Ms Harkin described the restrictions as anti-competitive.
Under the Central Bank regulations, credit unions are restricted in the amount they can loan out for mortgages, but banks are not subject to the same strict lending limits.
The limit on lending for mortgages and small businesses combined is 7.5pc of total assets for most credit unions.
The limit can be raised to 10pc, and up to 15pc, for larger credit unions that present a business case to the Central Bank and get permission for a higher amount of mortgage and SME (small and medium-sized enterprises) lending.
Assets of the sector are around €21bn, but only €615m was loaned out in mortgages last year. The assets of a credit union include the value of its loans, shares and investments.
The limits mean a credit union with assets of €200m, taking an average mortgage of €350,000, can only offer 43 mortgages under the regulations, exclusive of any SME lending.
David Malone, chief executive of the ILCU, described the lending limits as a “crisis-era” measure.
He said the league was engaging with the Central Bank and all politicians on the issue.
Asked whether the league had lobbied Taoiseach Simon Harris on the issue when it met him lately, Mr Malone would say only: “We have engaged with all stakeholders across the political spectrum and the Central Bank.”
It is understood the Taoiseach is anxious to see the member-owned lenders play a bigger role in the mortgage market.
The pressure on regulators comes as 77 credit unions have come together to form a joint venture to offer a national credit union mortgage rate.
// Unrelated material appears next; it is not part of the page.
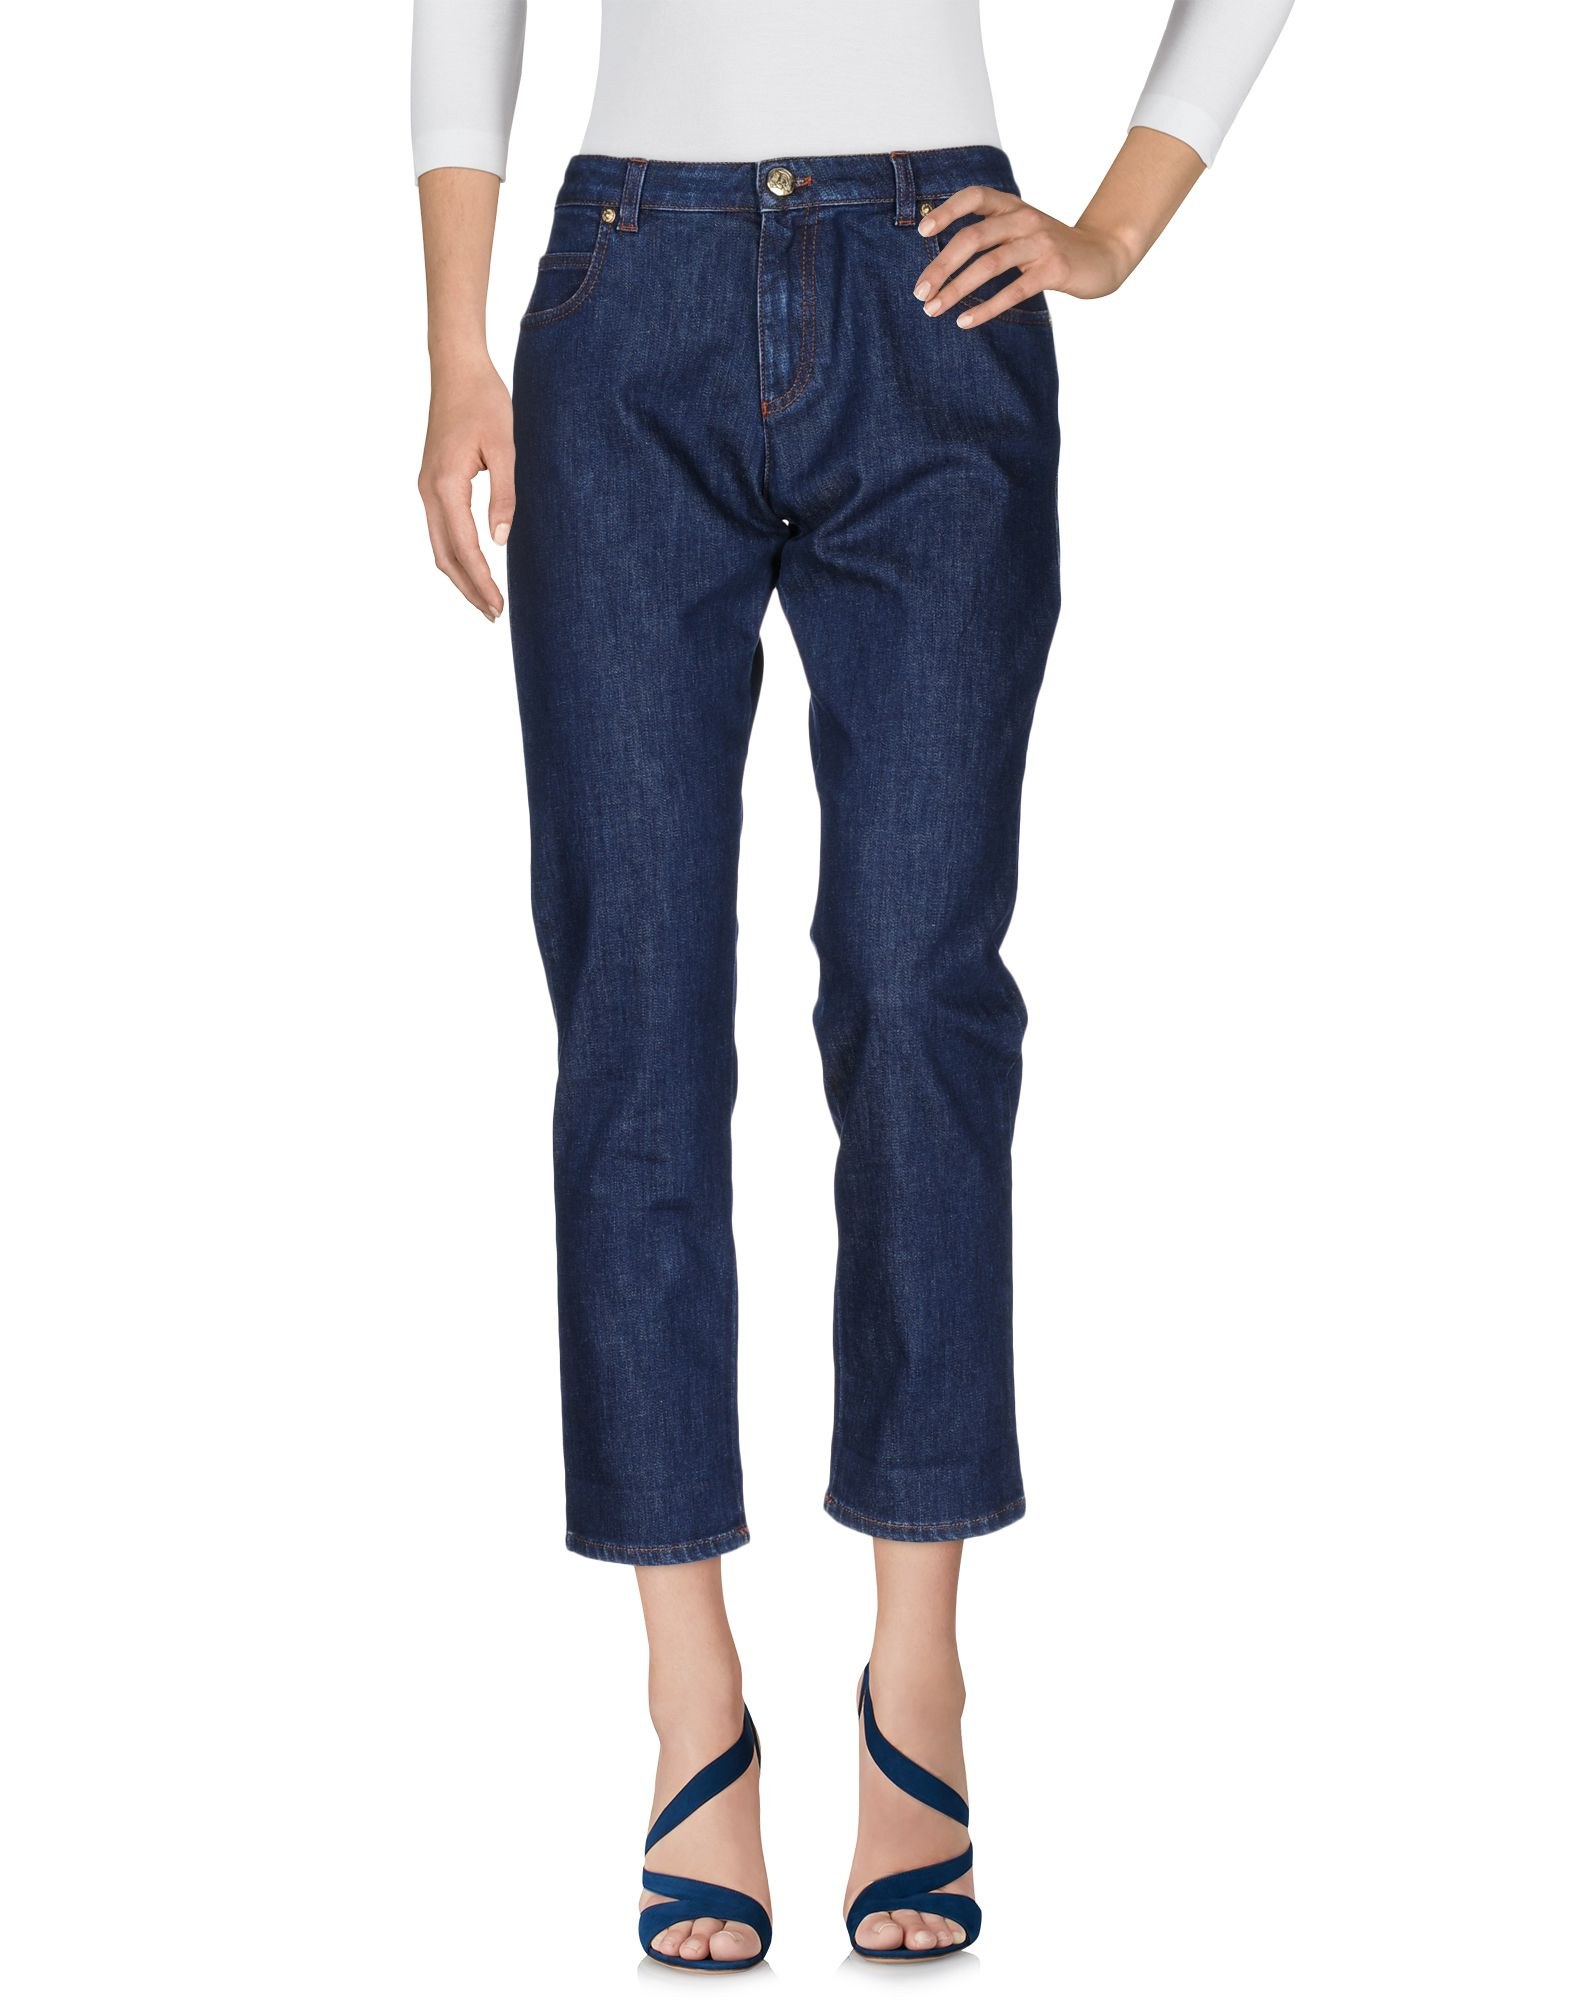 Pantaloni Jeans Sonia Rykiel Donna - Acquista online su 9QUjMpfCF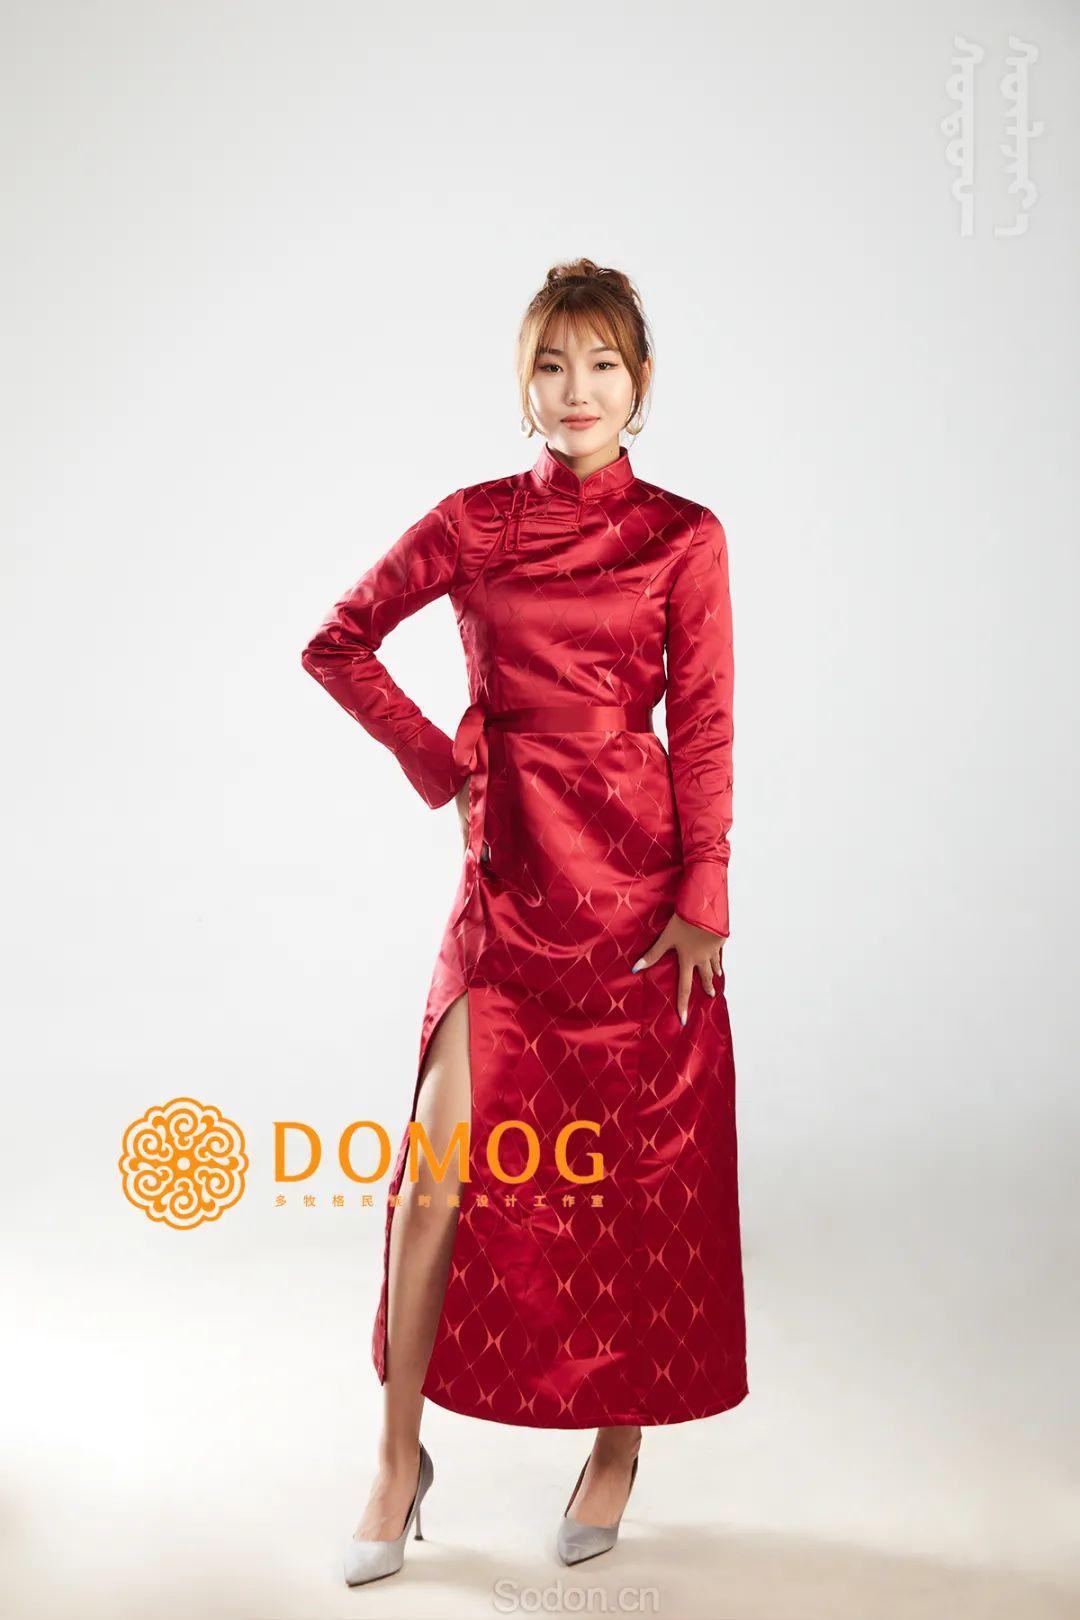 DOMOG 蒙古时装2020新款,民族与时尚的融合 第15张 DOMOG 蒙古时装2020新款,民族与时尚的融合 蒙古服饰

At the moment, each credit union has its own rates, which is confusing for borrowers.
Such a centralised services company would enable the sector to have common mortgage rates, a centralised underwriting facility and shared marketing.
This could lead to €1bn worth of mortgages being issued over the next seven years, as proposed by the sector. Mortgages would become a core offering of credit unions, according to the plans for the new mortgages credit union services organisation (CUSO).
The Central Bank, where credit union registrar Elaine Byrne is based, said it put the lending measures in place in January 2020.
“Since then, we have seen growth in this area of lending. However, significant capacity still exists within the existing concentration limits for further home and business lending,” it said.
It said there was capacity for another €2bn in credit union business and mortgage lending.
This is on the basis that larger credit unions seek higher lending limits.
But up to now just 21 of the 68 larger credit unions having applied for the increased lending limits, the Central Bank said.
“Individual credit unions should continue to develop appropriate strategies to grow their loan books prudently,” the regulator said.
The Central Bank welcomed the Icurn review.